Dataset extract:
# # #

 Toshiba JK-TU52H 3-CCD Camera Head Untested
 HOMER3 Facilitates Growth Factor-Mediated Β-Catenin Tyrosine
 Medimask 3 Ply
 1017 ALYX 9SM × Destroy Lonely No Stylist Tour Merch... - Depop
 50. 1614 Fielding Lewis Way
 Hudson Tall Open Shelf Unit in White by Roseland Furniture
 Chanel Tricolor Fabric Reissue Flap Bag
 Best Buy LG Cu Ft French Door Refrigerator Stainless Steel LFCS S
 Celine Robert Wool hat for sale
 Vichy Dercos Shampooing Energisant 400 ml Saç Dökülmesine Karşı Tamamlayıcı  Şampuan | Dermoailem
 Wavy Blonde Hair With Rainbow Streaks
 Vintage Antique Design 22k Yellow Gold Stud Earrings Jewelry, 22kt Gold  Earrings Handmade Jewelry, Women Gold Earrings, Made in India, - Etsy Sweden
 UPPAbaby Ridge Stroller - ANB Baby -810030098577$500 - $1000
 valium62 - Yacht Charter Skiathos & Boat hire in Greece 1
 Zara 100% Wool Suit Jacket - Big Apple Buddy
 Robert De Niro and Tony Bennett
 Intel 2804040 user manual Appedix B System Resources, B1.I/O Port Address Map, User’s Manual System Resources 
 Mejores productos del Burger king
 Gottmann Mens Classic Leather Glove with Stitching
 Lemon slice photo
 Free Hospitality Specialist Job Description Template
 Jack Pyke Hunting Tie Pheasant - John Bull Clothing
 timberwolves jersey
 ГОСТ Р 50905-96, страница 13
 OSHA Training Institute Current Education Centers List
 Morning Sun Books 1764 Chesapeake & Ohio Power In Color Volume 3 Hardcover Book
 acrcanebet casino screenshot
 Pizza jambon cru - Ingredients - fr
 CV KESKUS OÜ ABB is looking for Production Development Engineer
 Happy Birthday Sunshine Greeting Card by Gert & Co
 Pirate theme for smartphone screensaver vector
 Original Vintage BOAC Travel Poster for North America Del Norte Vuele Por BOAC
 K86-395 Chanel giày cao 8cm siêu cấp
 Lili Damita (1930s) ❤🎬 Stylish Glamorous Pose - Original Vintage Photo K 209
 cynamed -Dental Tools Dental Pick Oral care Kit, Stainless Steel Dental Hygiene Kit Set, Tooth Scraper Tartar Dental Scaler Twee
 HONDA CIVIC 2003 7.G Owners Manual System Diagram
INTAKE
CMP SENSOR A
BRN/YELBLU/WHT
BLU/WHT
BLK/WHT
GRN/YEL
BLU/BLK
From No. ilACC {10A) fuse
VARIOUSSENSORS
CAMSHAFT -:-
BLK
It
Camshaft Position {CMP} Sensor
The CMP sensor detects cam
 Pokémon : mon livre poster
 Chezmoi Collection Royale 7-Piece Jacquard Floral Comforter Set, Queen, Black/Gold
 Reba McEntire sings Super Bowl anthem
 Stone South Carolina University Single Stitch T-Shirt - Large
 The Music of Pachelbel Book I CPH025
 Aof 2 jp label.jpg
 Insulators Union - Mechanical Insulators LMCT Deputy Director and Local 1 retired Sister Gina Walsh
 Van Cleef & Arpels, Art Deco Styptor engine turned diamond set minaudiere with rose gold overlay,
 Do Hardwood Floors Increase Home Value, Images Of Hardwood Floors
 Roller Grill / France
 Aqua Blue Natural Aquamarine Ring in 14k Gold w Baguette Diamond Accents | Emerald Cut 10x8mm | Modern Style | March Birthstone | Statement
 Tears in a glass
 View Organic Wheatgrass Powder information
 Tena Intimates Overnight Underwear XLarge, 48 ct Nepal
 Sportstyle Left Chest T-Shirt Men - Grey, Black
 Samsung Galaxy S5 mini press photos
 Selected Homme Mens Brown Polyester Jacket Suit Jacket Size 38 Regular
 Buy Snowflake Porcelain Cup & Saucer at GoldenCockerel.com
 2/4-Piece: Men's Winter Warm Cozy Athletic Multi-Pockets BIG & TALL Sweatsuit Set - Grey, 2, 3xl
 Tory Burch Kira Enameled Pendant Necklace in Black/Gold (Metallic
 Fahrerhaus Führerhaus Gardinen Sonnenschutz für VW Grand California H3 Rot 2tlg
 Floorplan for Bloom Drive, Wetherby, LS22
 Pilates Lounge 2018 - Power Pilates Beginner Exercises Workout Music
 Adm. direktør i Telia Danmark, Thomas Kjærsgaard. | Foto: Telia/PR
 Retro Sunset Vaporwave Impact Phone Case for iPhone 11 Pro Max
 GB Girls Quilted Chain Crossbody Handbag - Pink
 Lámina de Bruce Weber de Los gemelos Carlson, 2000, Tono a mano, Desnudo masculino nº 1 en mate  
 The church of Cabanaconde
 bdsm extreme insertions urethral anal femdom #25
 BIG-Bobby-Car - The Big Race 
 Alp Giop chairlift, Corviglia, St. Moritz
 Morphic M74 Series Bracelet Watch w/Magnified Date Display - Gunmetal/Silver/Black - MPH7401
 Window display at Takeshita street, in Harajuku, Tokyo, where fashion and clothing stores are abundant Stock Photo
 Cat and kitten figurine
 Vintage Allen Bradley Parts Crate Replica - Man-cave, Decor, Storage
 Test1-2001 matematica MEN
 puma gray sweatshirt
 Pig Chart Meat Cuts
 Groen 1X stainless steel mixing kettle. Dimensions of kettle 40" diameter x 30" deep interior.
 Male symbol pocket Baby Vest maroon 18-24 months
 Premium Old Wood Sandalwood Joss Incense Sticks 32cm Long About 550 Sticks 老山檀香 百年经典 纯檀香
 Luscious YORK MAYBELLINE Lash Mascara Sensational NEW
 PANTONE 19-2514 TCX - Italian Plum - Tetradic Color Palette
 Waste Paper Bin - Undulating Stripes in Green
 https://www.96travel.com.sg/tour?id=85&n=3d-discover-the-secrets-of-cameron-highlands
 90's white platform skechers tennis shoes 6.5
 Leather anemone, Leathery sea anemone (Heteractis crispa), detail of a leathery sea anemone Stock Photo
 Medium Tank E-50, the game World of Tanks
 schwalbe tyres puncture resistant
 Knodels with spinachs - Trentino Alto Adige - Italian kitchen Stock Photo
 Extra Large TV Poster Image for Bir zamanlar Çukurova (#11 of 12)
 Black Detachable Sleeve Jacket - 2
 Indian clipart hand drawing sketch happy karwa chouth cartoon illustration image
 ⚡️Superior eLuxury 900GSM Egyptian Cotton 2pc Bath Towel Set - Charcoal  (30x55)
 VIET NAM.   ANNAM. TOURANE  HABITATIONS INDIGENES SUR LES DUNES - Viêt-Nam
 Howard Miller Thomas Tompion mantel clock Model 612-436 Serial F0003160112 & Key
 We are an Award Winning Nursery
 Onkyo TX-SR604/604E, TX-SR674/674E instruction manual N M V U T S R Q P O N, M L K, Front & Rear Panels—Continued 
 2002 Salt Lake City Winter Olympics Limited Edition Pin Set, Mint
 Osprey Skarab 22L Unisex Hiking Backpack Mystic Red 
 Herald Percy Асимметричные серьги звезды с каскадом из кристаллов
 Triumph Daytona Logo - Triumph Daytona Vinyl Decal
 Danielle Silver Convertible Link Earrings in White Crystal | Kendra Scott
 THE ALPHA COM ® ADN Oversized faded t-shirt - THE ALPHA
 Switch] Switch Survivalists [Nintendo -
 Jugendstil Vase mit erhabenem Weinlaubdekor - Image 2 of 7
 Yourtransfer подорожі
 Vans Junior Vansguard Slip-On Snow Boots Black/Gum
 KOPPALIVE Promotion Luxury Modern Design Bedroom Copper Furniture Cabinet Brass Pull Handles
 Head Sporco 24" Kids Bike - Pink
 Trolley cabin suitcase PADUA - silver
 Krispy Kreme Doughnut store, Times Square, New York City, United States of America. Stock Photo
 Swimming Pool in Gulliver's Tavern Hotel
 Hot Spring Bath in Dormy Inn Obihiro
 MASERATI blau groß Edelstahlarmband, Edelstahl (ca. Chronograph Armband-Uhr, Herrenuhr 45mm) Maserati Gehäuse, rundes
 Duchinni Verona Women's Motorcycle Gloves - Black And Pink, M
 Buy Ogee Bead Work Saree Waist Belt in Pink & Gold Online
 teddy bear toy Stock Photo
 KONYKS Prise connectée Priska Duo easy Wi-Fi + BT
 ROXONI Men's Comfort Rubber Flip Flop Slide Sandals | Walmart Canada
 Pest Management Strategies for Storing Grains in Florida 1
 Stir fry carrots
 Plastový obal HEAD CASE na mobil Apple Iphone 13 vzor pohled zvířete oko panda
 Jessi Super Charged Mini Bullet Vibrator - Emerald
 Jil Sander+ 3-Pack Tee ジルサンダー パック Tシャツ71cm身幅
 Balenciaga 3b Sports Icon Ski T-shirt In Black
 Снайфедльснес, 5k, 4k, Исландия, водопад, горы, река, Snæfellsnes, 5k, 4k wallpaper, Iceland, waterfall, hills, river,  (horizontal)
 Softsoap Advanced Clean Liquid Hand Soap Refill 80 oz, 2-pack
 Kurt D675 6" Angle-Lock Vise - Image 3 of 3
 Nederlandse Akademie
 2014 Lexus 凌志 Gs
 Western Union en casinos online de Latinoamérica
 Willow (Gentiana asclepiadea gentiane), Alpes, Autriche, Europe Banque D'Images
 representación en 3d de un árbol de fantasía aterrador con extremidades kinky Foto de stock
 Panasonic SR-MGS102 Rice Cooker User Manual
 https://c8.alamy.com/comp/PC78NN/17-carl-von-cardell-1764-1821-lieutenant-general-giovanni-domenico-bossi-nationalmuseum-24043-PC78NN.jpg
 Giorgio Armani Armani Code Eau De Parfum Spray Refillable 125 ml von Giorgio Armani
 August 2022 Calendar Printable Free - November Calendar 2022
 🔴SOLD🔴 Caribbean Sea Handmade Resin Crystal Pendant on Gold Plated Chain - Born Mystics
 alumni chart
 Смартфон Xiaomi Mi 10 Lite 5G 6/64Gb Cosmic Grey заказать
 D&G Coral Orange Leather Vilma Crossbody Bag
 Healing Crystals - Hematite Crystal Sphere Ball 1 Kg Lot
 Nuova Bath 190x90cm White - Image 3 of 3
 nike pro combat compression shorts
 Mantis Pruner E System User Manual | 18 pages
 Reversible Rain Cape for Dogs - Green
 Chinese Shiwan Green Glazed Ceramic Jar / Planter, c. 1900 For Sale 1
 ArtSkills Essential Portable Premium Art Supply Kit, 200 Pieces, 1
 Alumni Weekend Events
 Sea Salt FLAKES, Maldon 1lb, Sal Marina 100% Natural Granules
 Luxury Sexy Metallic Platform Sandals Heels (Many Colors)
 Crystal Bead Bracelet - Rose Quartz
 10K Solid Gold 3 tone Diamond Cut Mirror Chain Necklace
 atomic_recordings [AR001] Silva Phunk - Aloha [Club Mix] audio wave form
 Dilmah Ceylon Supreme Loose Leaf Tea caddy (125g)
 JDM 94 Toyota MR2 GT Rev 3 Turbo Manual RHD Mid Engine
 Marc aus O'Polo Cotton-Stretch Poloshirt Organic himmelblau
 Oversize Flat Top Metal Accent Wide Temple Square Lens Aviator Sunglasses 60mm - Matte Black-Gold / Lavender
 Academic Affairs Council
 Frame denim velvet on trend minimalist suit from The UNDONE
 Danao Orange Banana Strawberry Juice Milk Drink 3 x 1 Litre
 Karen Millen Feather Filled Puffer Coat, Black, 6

# # #

Problem details: Everything in the material above from the line that has "K86-395 Chanel giày cao 8cm siêu cấp" through the line that has "Buy Snowflake Porcelain" must be duplicated exactly, with no other lines given.

Answer to the problem:
 K86-395 Chanel giày cao 8cm siêu cấp
 Lili Damita (1930s) ❤🎬 Stylish Glamorous Pose - Original Vintage Photo K 209
 cynamed -Dental Tools Dental Pick Oral care Kit, Stainless Steel Dental Hygiene Kit Set, Tooth Scraper Tartar Dental Scaler Twee
 HONDA CIVIC 2003 7.G Owners Manual System Diagram
INTAKE
CMP SENSOR A
BRN/YELBLU/WHT
BLU/WHT
BLK/WHT
GRN/YEL
BLU/BLK
From No. ilACC {10A) fuse
VARIOUSSENSORS
CAMSHAFT -:-
BLK
It
Camshaft Position {CMP} Sensor
The CMP sensor detects cam
 Pokémon : mon livre poster
 Chezmoi Collection Royale 7-Piece Jacquard Floral Comforter Set, Queen, Black/Gold
 Reba McEntire sings Super Bowl anthem
 Stone South Carolina University Single Stitch T-Shirt - Large
 The Music of Pachelbel Book I CPH025
 Aof 2 jp label.jpg
 Insulators Union - Mechanical Insulators LMCT Deputy Director and Local 1 retired Sister Gina Walsh
 Van Cleef & Arpels, Art Deco Styptor engine turned diamond set minaudiere with rose gold overlay,
 Do Hardwood Floors Increase Home Value, Images Of Hardwood Floors
 Roller Grill / France
 Aqua Blue Natural Aquamarine Ring in 14k Gold w Baguette Diamond Accents | Emerald Cut 10x8mm | Modern Style | March Birthstone | Statement
 Tears in a glass
 View Organic Wheatgrass Powder information
 Tena Intimates Overnight Underwear XLarge, 48 ct Nepal
 Sportstyle Left Chest T-Shirt Men - Grey, Black
 Samsung Galaxy S5 mini press photos
 Selected Homme Mens Brown Polyester Jacket Suit Jacket Size 38 Regular
 Buy Snowflake Porcelain Cup & Saucer at GoldenCockerel.com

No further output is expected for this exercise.